Wer die Thailand Privilege Card beantragt, kauft sich nicht einfach ein Langzeitvisum. Er unterzieht sich einer Sicherheitsprüfung durch fünf staatliche Behörden — darunter den Nationalen Geheimdienst. Das ist neu, und es betrifft nicht nur Bewerber, sondern jeden, der das Programm bereits nutzt.
Ich lebe seit Jahren in Thailand und kenne das Privilege-Programm aus eigener Anschauung. Was TPC jetzt offiziell gemacht hat, war informell schon länger Praxis — doch die öffentliche Ankündigung ändert etwas. Sie setzt einen Standard, der auch bestehende Mitglieder nicht unberührt lässt.
Was Thailand Privilege jetzt offiziell bestätigt
Am 4. Juni 2026 gab Thailand Privilege Card Co., Ltd. (TPC) bekannt, dass Bewerber künftig durch fünf Sicherheitsbehörden geprüft werden: das Immigration Bureau, die Foreign Affairs Division der Royal Thai Police, das Central Investigation Bureau (CIB), den Nationalen Geheimdienst (NIA) und die Anti-Geldwäsche-Behörde AMLO.

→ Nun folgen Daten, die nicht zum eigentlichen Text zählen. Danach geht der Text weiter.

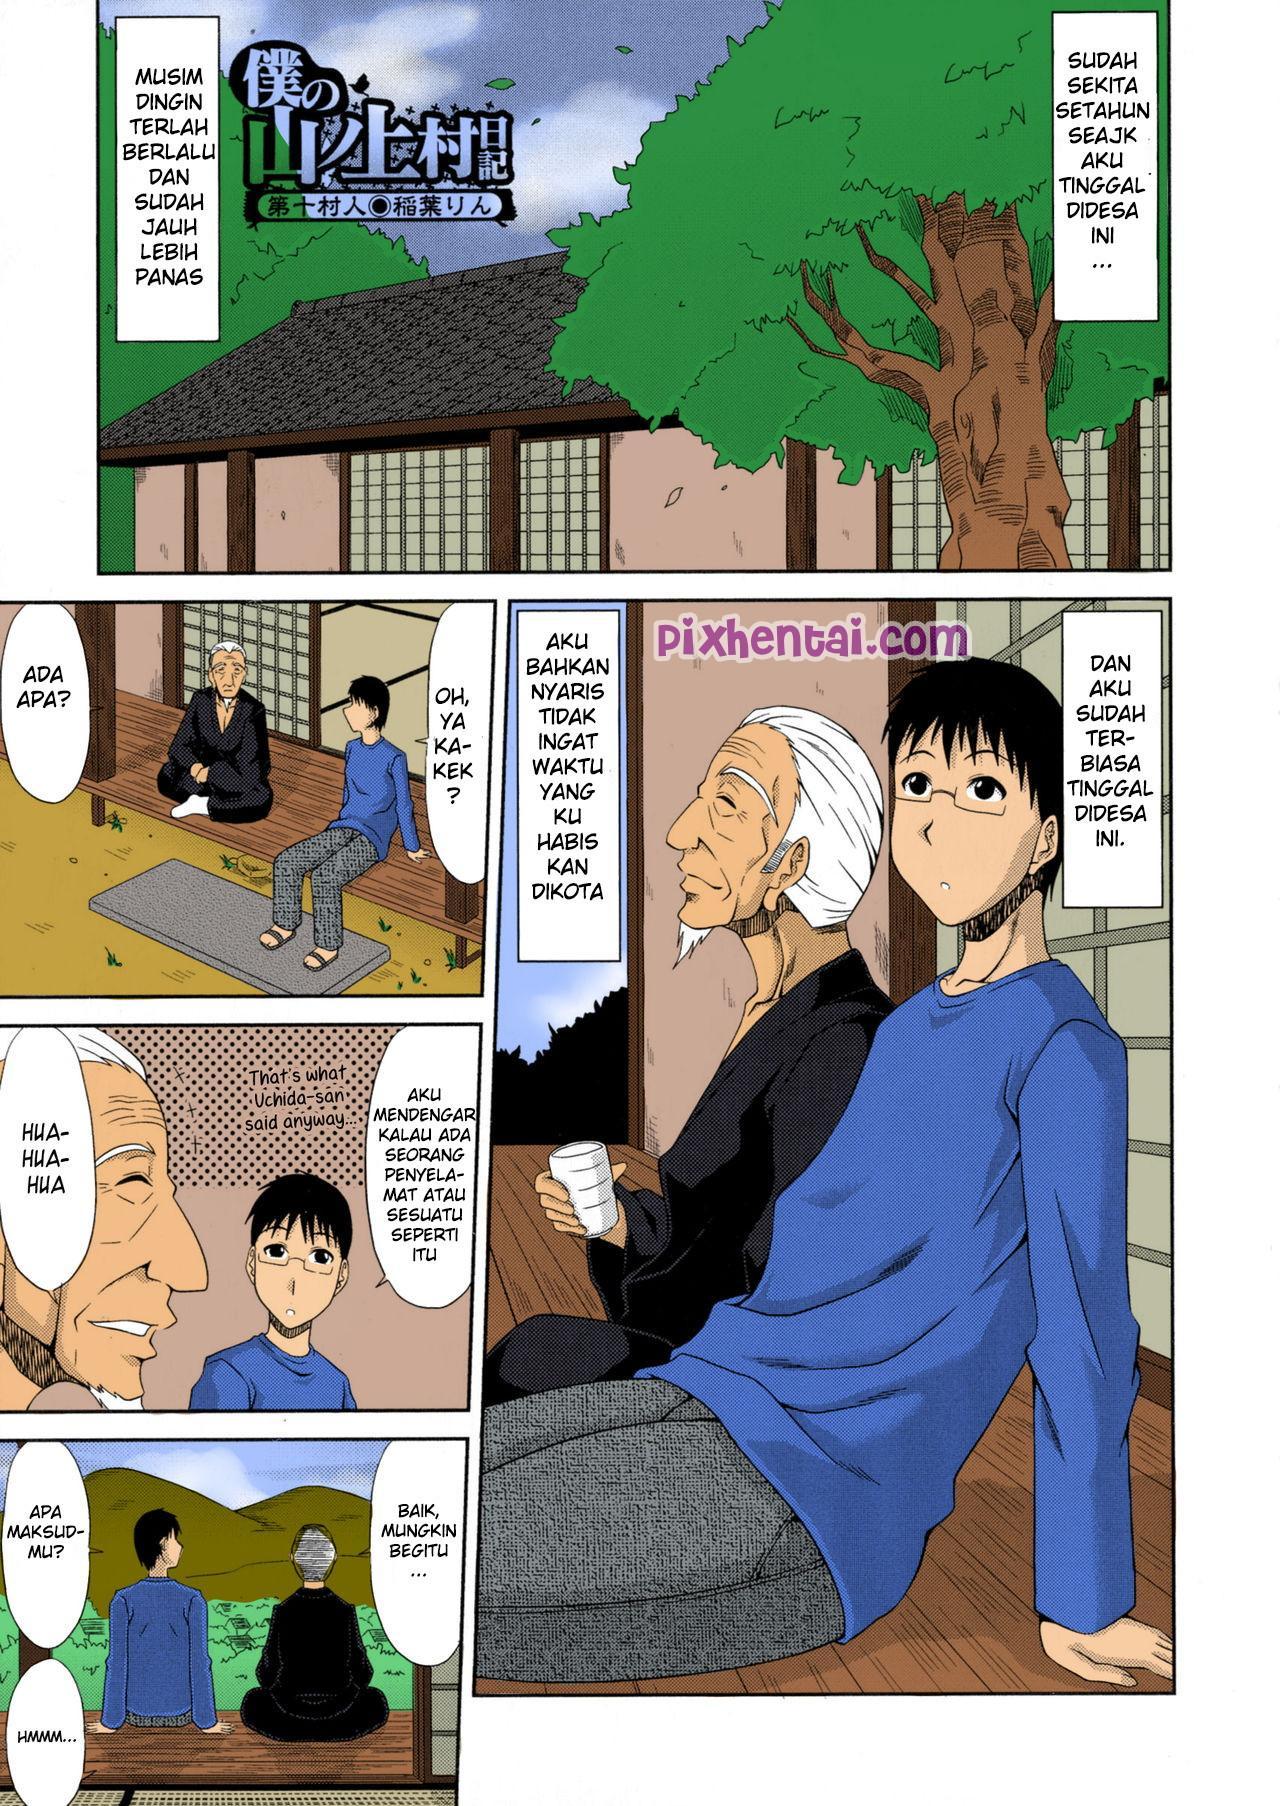 Komik hentai xxx manga sex bokep cerita kakek menghamili seluruh wanita desa 01

Das ist kein bürokratisches Update. Die Einbindung des NIA ist ungewöhnlich — diese Behörde prüft sonst keine Visa-Antragsteller. Dass sie jetzt in den Workflow integriert ist, zeigt, welchen politischen Stellenwert Thailand dem Programm beimisst und wie selektiv die Aufnahme wirklich sein soll.
Fünf Stufen, eine Logik — was jede Prüfung bedeutet
Der Ablauf läuft in fünf Schritten: Erstprüfung der Unterlagen, Strafregistercheck über alle fünf Behörden, abschließende Freigabe durch alle beteiligten Stellen, Visum-Abstempelung, und schließlich eine laufende Überwachung während des gesamten Aufenthalts. Erst wenn alle Behörden grünes Licht geben, darf man überhaupt den Mitgliedsbeitrag zahlen.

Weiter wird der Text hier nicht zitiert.